The ministry of chemicals and petrochemicals has taken up restructuring of public sector undertaking Hindustan Organic Chemicals Ltd. (HOCL) on top priority.
According to official sources, a proposal is being prepared to revive the plants of Kochi and Rasayani and re-start its operations. The objective is to make HOCL a bulk supplier of basic chemical and feedstock unit for downstream chemical companies.
According to sources, a sum of Rs 400-500 crore has been sought from the government for restructuring operations. They added that the chemicals to be procured from the HOCL Kochi plant will be acetone and phenol. The Rasayani plant could start the manufacturing of aniline, hydrogen peroxide, nitric acid and nitrogen oxide.
More From This Section
The restructuring is part of the national chemical policy prepared by the ministry. Major objectives of the policy include, increasing investments in the sector through facilitating capacity additions and ensuring the availability of necessary feedstock and quality infrastructure. Other objectives include increasing the domestic demand, adoption of cluster approach and encouraging development of ancillary industries around them, along with facilitating access to the latest technologies, assisting in up-gradation of the existing technologies and substitution of the outdated technologies.
HOCL has two manufacturing units, namely, phenol complex at Cochin and an integrated Nitro Aromatic Complex at Rasayani. Sources said, that this PSU post restructuring, could also be proposed for divestment. However no plans are yet firmed up.
Meanwhile, the ministry of chemicals in its national chemical policy had proposed a chemical upgradation and innovation cess at the rate of 0.5% ad valorem on chemical industries. The aim is to collect funds for establishing a Technology Upgradation and Innovation Fund, which might be taken up in the ensuing budget.

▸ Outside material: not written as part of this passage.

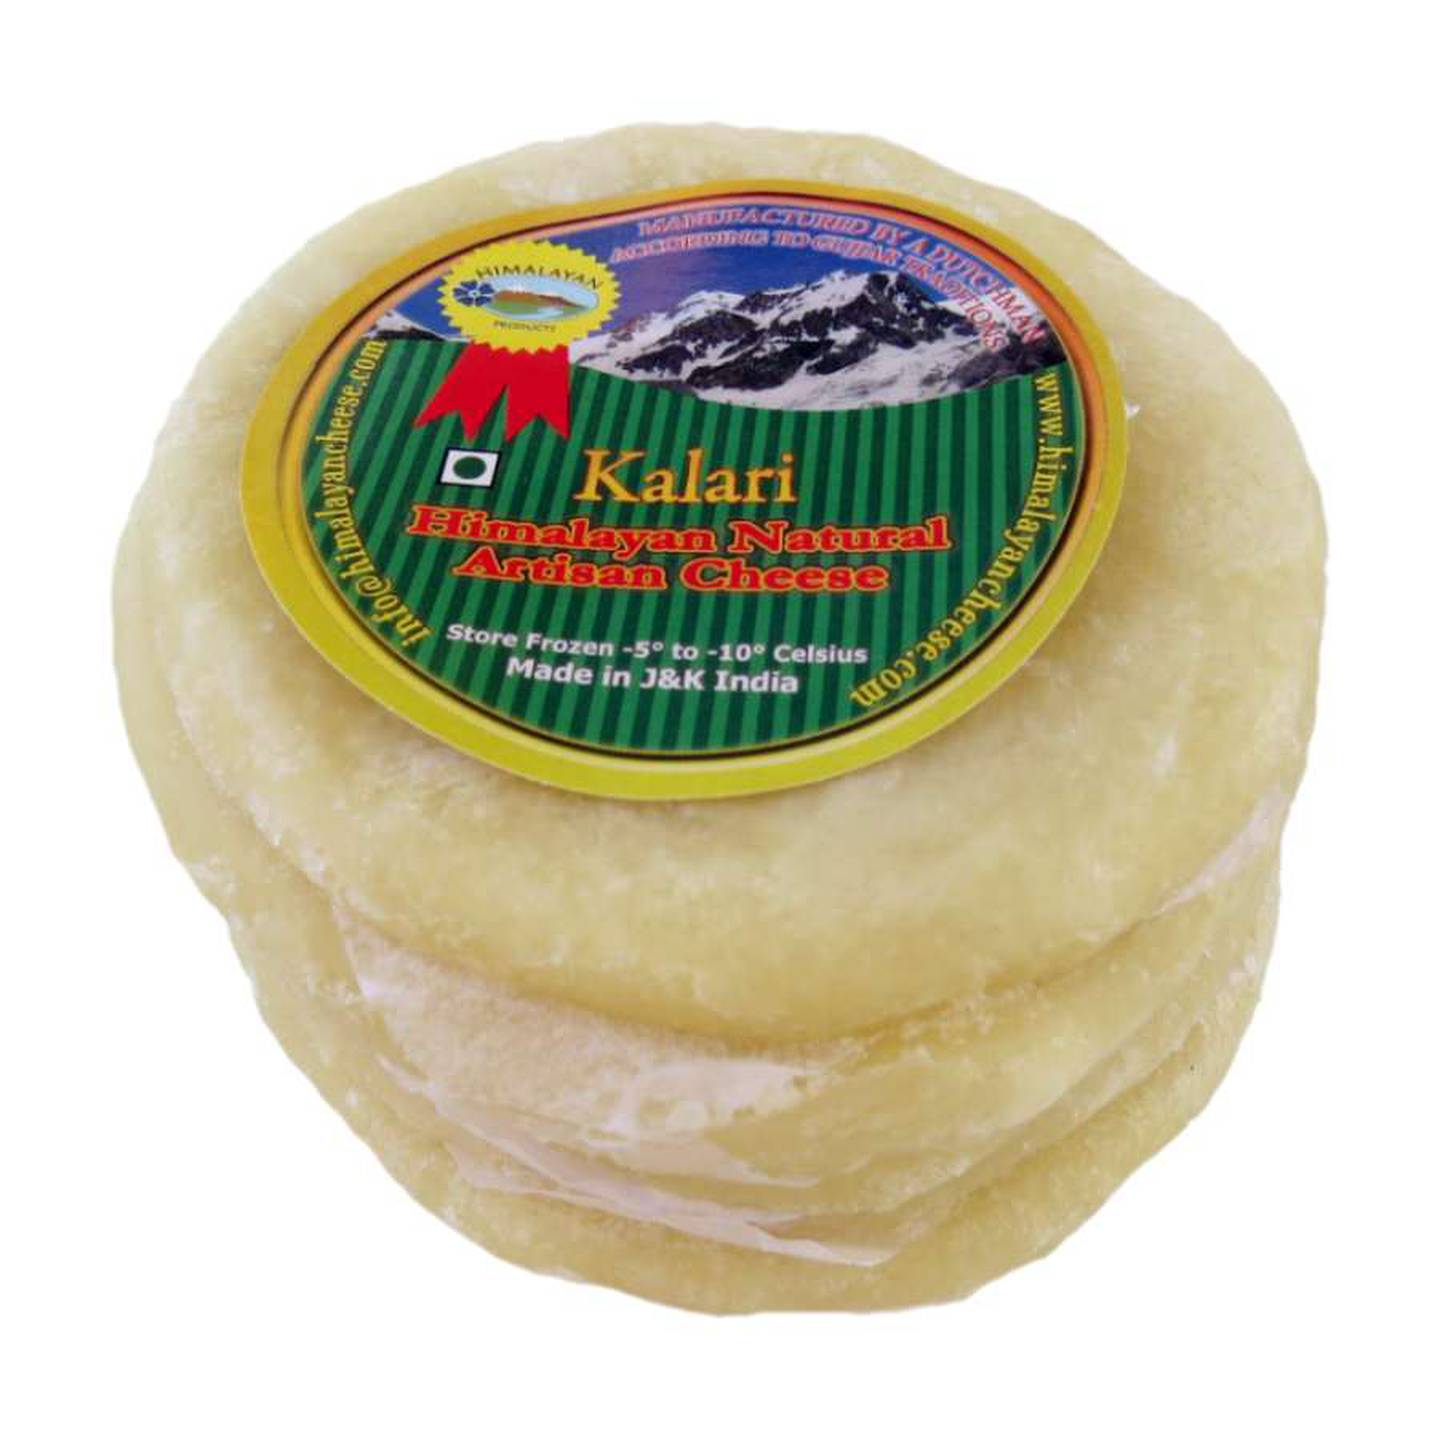 Kalari from the Himalayan Cheese Factory. Photo: Kalpana Sunder

The cess was in line with that imposed by the ministry of new and renewable energy to set up a clean energy fund or as with the case of the telecom fund of the department of telecommunications; in fact, DoT imposes a 5% cess on an operator’s gross revenue.
However, the chemical industry has been opposing the idea till date, stating its profitability is already badly hit from both lower exports and a glut at home.
Officials explained that the cess will help create the technological upgradation fund which the industry could avail to increase research and development (R&D) spending, from the existing 1-2% of their total expenditure to 5-6%.
The R&D spending could focus on aligning technology, demand, standards and regulations after examining emerging technologies and trends, they said. Another focus area could be creation of intellectual property rights (IPR) through synergy between academic centres, manufacturers, R&D centres, etc.
“The idea is to strengthen links in the complete value chain from research to IPR generation, product design, development and commercialisation, so as to become internationally competitive,” they said.